The Roman poet Ovid collected all kinds of wild stories about the gods in The Metamorphoses. Here you'll find myths about Juno (a.k.a. Hera), especially ones about her chasing after her husband's lovers. Be sure to check out Book 1, Book 2, and Book 3.
This Broadway musical has suspicious similarities to Juno's (a.k.a. Hera) mythological adventures. In Juno, a poor mother named Juno struggles to hold her family and home together. Her husband is also quite the pain in the butt.
Hera hates all of the children of Zeus's affairs, but maybe Hercules (a.k.a. Heracles) most of all. In this TV series, Hera plays the bad guy.
Percy Jackson has run-ins with all of the gods of Olympus, including Hera. Percy first learns about Hera through her cabin at Camp Half-Blood (where all of the mortal children of the gods hang out and train). Hera's cabin is completely empty. Percy's friend Grover tells us why: "That's another honorary thing. She's the goddess of marriage, so of course she wouldn't go around having affairs with mortals. That's her husband's job" (The Lightning Thief 8.56)

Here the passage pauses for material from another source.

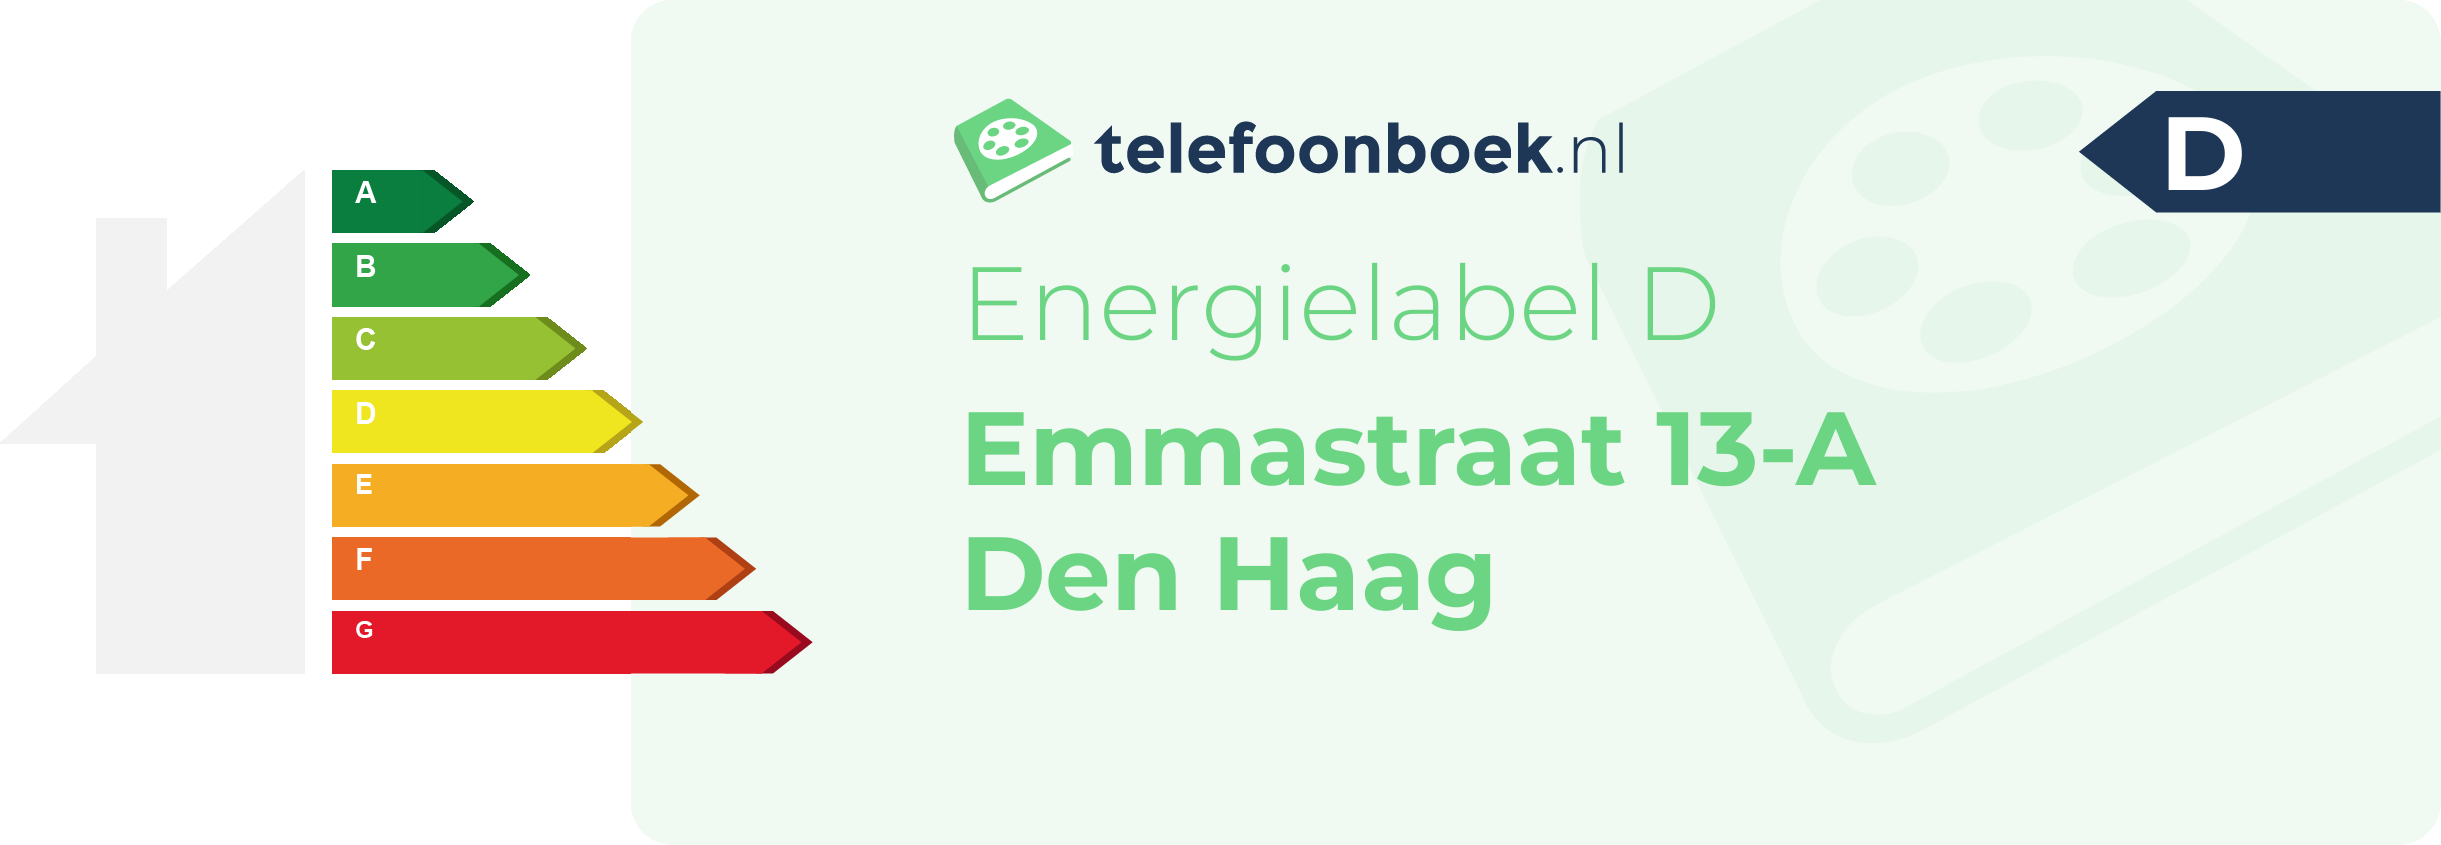 Energielabel Emmastraat 13-A Den Haag

The Greek gods make it onto the PlayStation in the God of War video game trilogy. The mortal hero of the games, Kratos, butts heads with the gods of Olympus, including Hera (which isn't so surprising, since Kratos is one of Zeus's kids from an affair). In God of War III, Hera shows up drunk and upset at both Kratos and Zeus. In the end, Kratos kills her.